Data extract below:
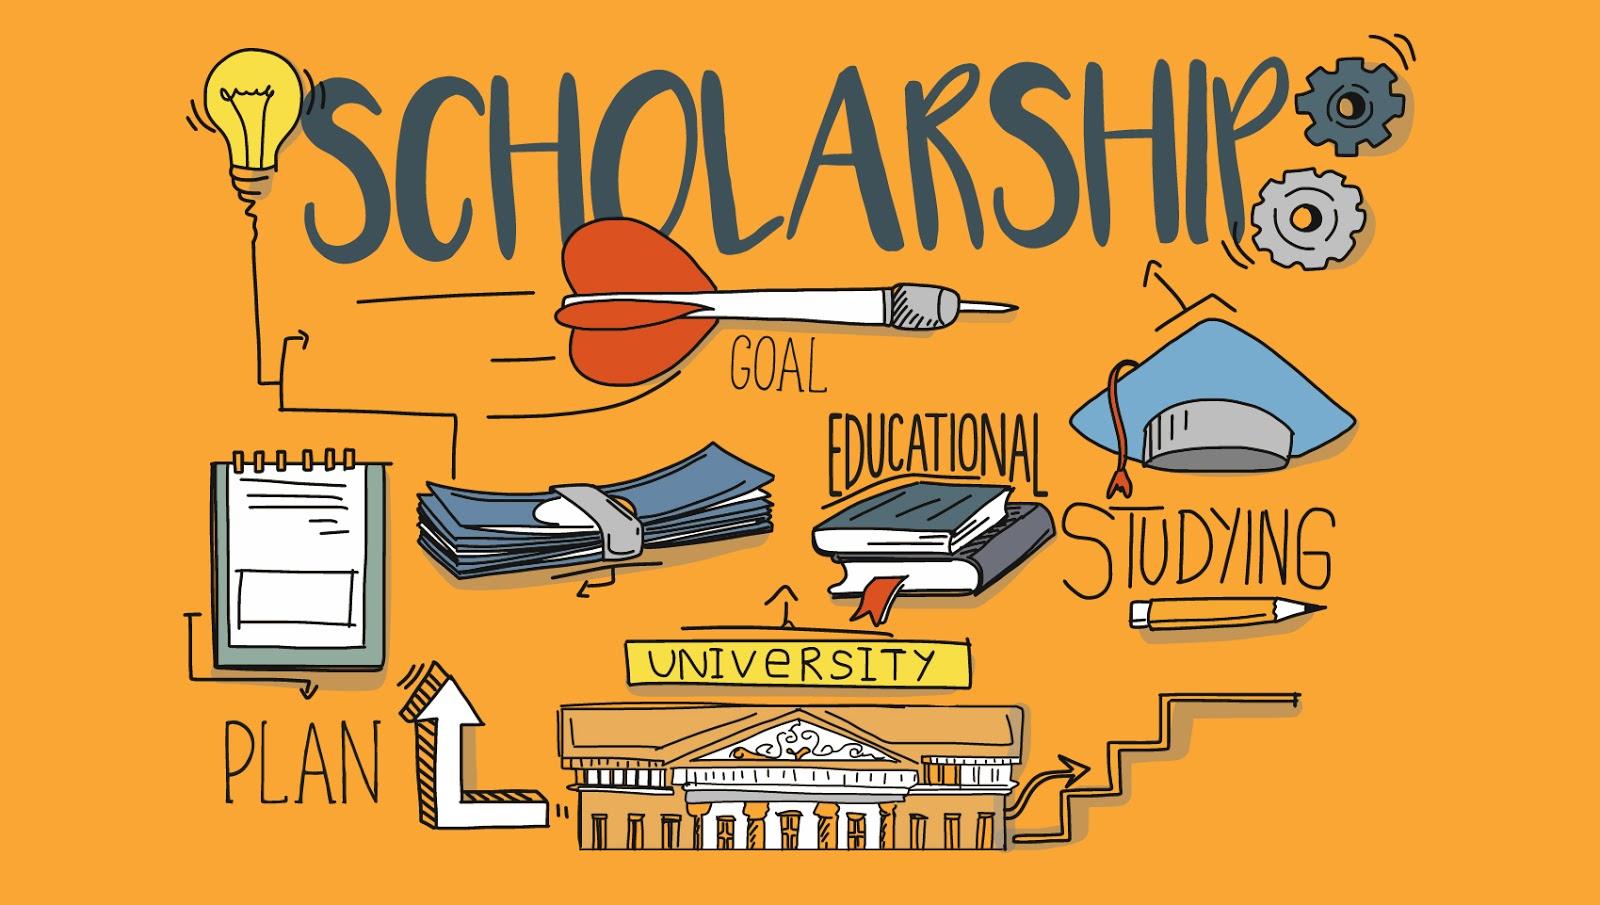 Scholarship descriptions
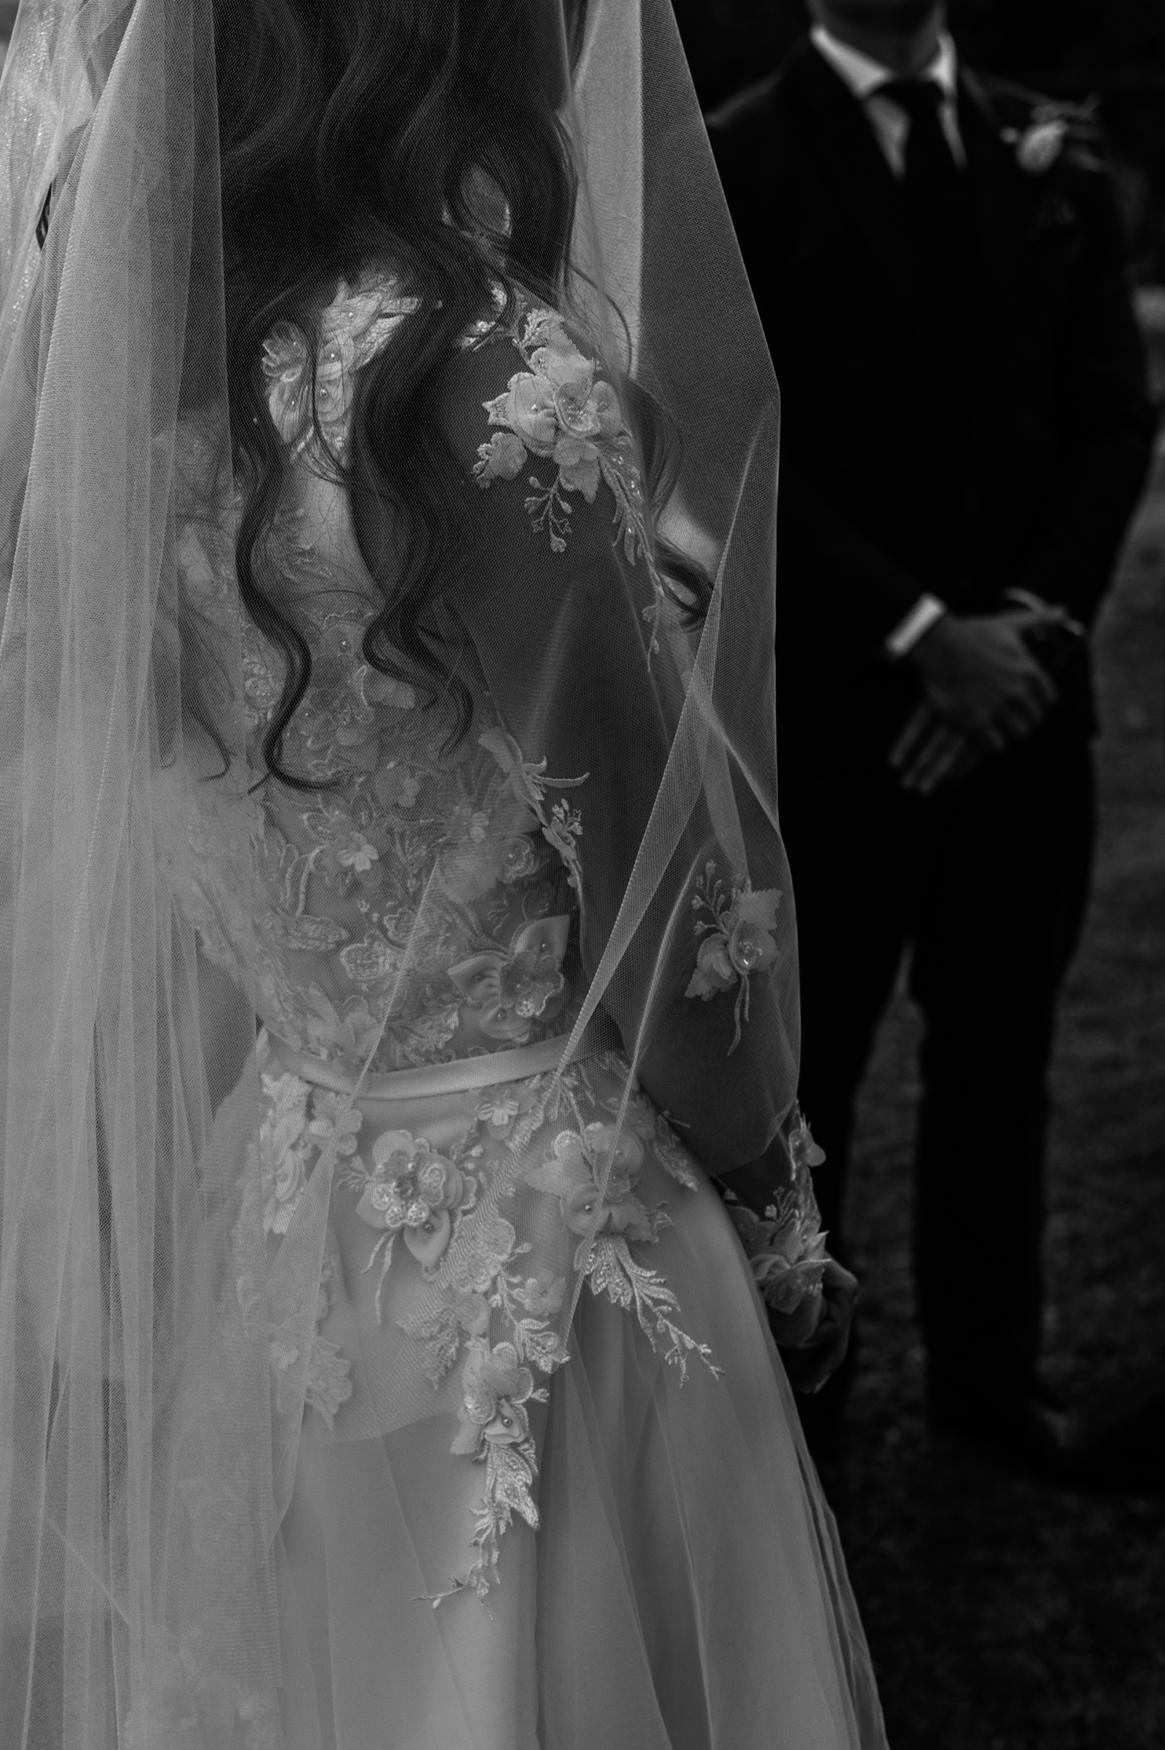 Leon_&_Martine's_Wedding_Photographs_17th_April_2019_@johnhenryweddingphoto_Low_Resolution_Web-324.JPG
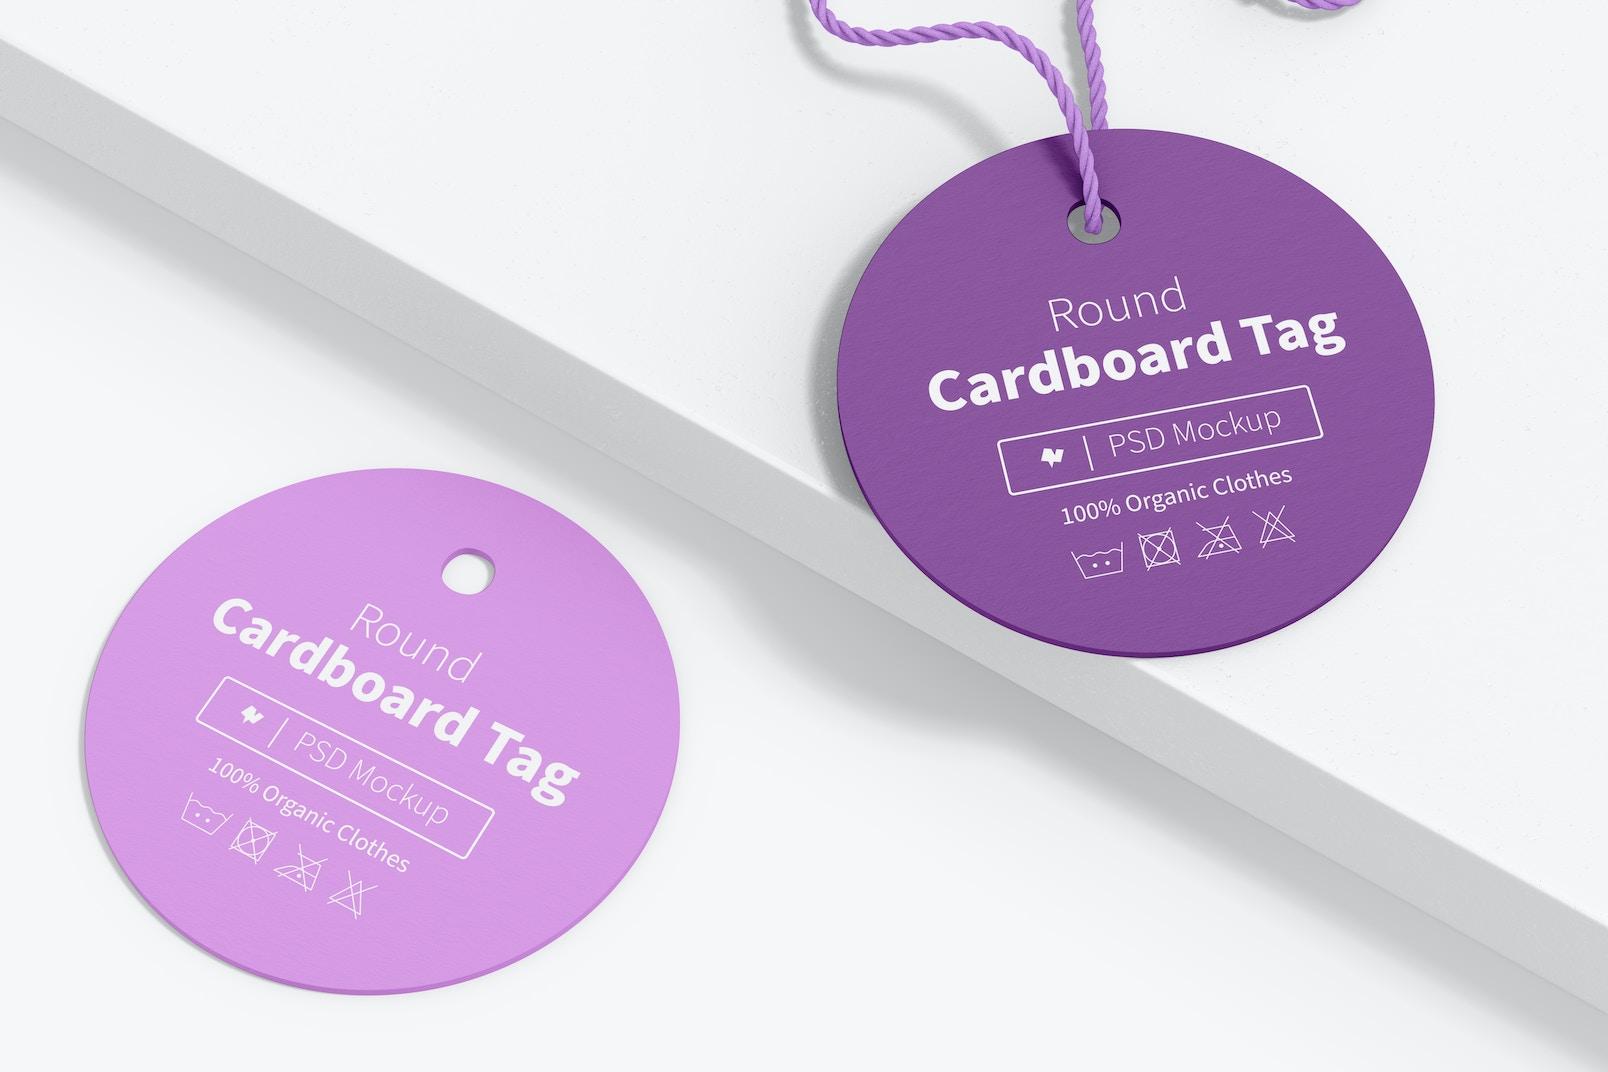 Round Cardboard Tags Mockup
End of Data extract.
Quote the data above in full, leaving out the pictures it holds.

§ Expected answer
 Scholarship descriptions
 Leon_&_Martine's_Wedding_Photographs_17th_April_2019_@johnhenryweddingphoto_Low_Resolution_Web-324.JPG
 Round Cardboard Tags Mockup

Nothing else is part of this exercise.